= Task =
Nothing but the lines from the start of the data through the line with "Lego Wear Jeans 74 cm back preview" should appear in the answer, each retyped exactly, and pictures should not.

= Source material =
════

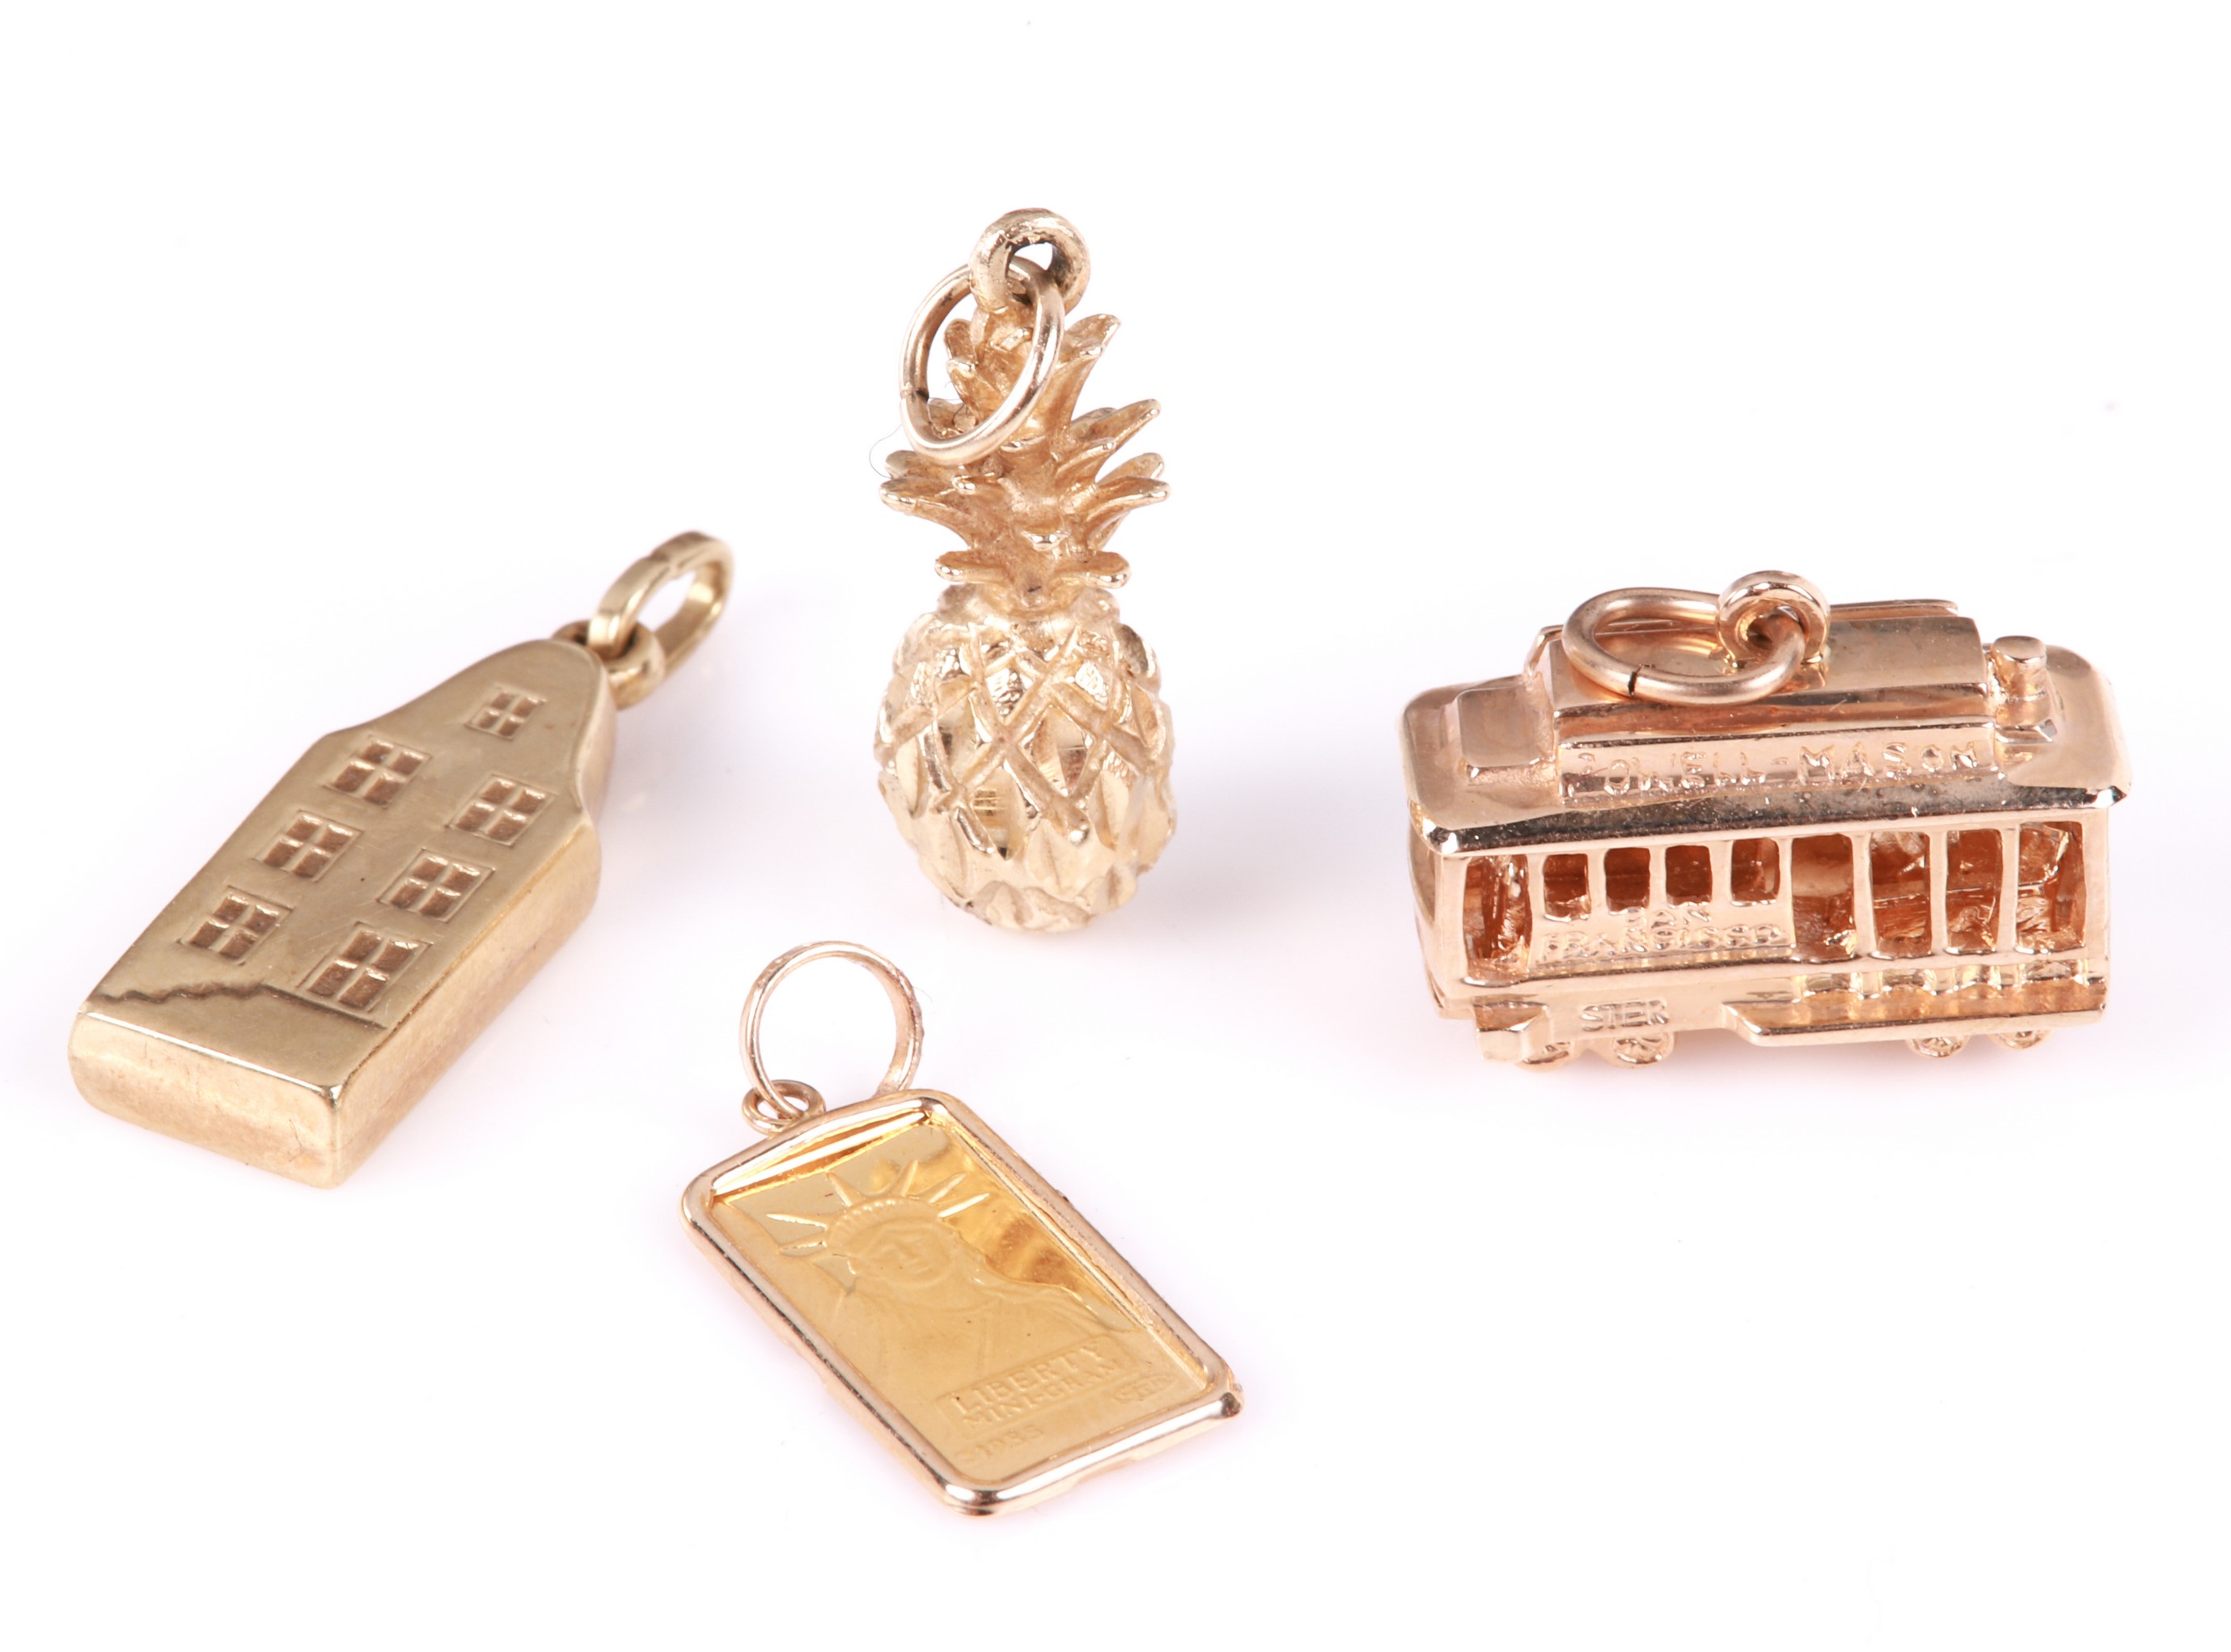  4 Yellow gold charms to include 3b5b5b
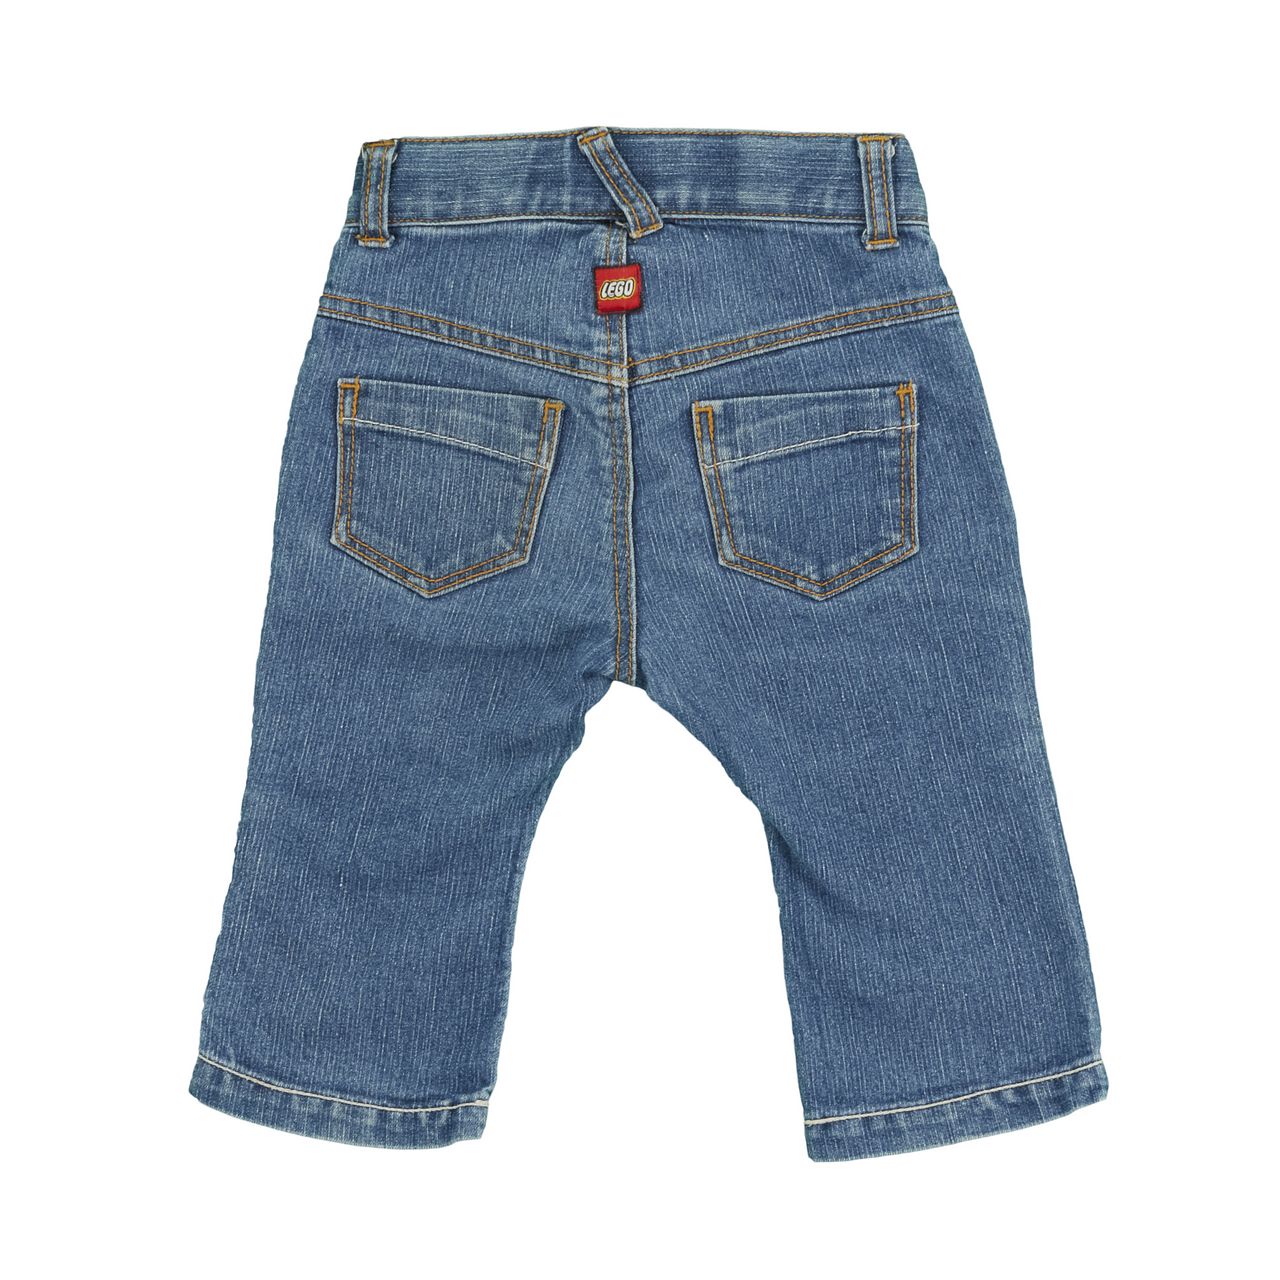 Lego Wear Jeans 74 cm back preview
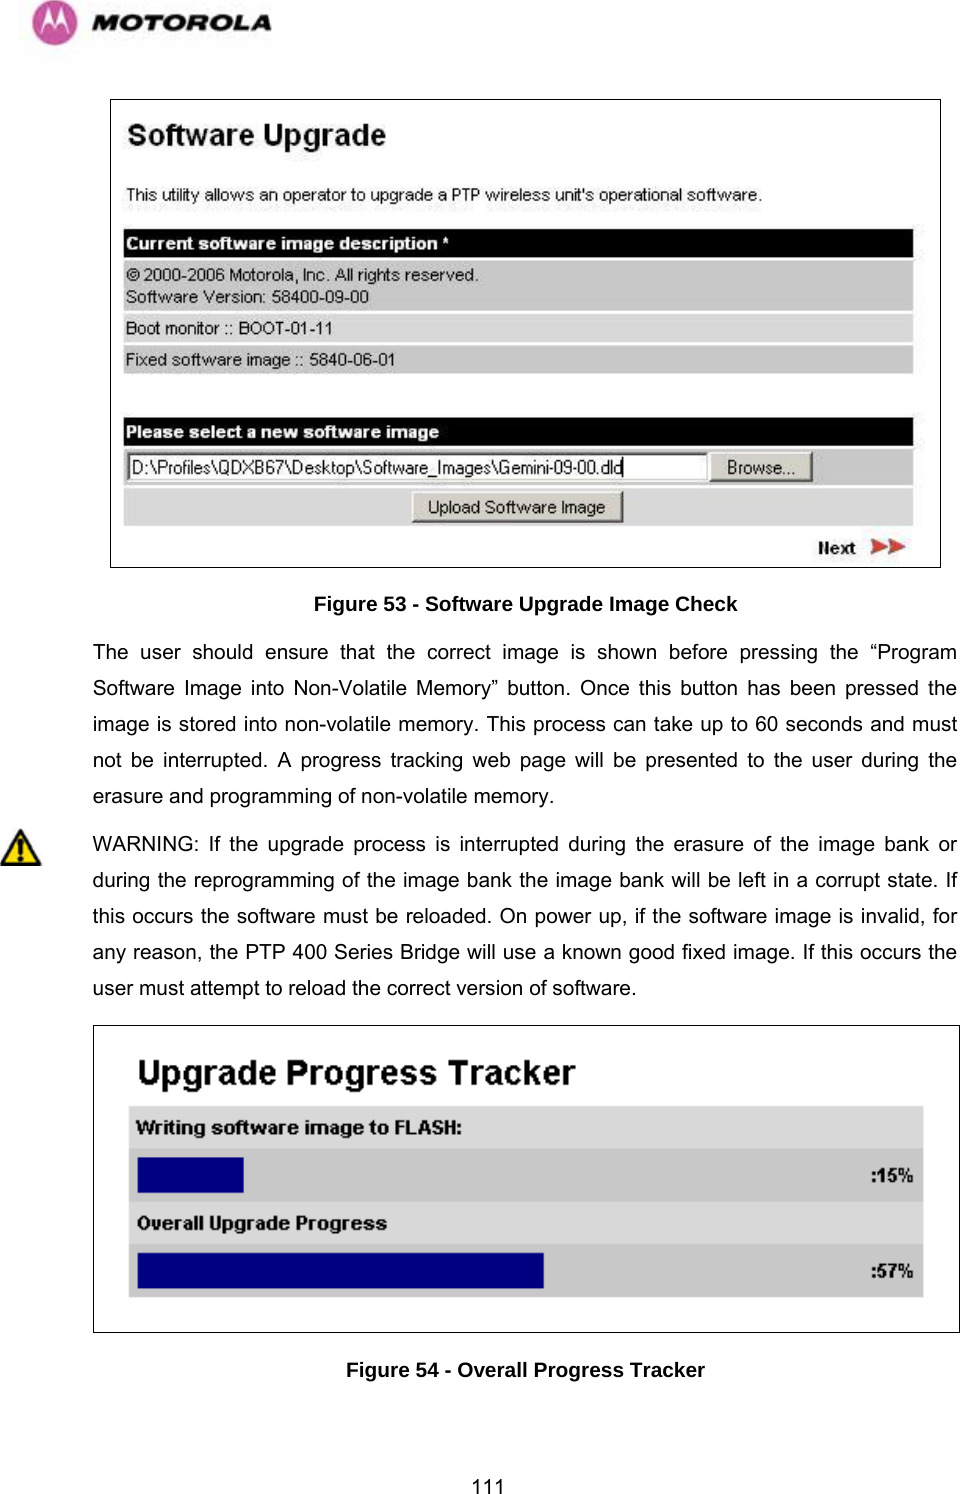   111 Figure 53 - Software Upgrade Image Check The user should ensure that the correct image is shown before pressing the “Program Software Image into Non-Volatile Memory” button. Once this button has been pressed the image is stored into non-volatile memory. This process can take up to 60 seconds and must not be interrupted. A progress tracking web page will be presented to the user during the erasure and programming of non-volatile memory. WARNING: If the upgrade process is interrupted during the erasure of the image bank or during the reprogramming of the image bank the image bank will be left in a corrupt state. If this occurs the software must be reloaded. On power up, if the software image is invalid, for any reason, the PTP 400 Series Bridge will use a known good fixed image. If this occurs the user must attempt to reload the correct version of software.  Figure 54 - Overall Progress Tracker

════

= Task output =
  4 Yellow gold charms to include 3b5b5b
 Lego Wear Jeans 74 cm back preview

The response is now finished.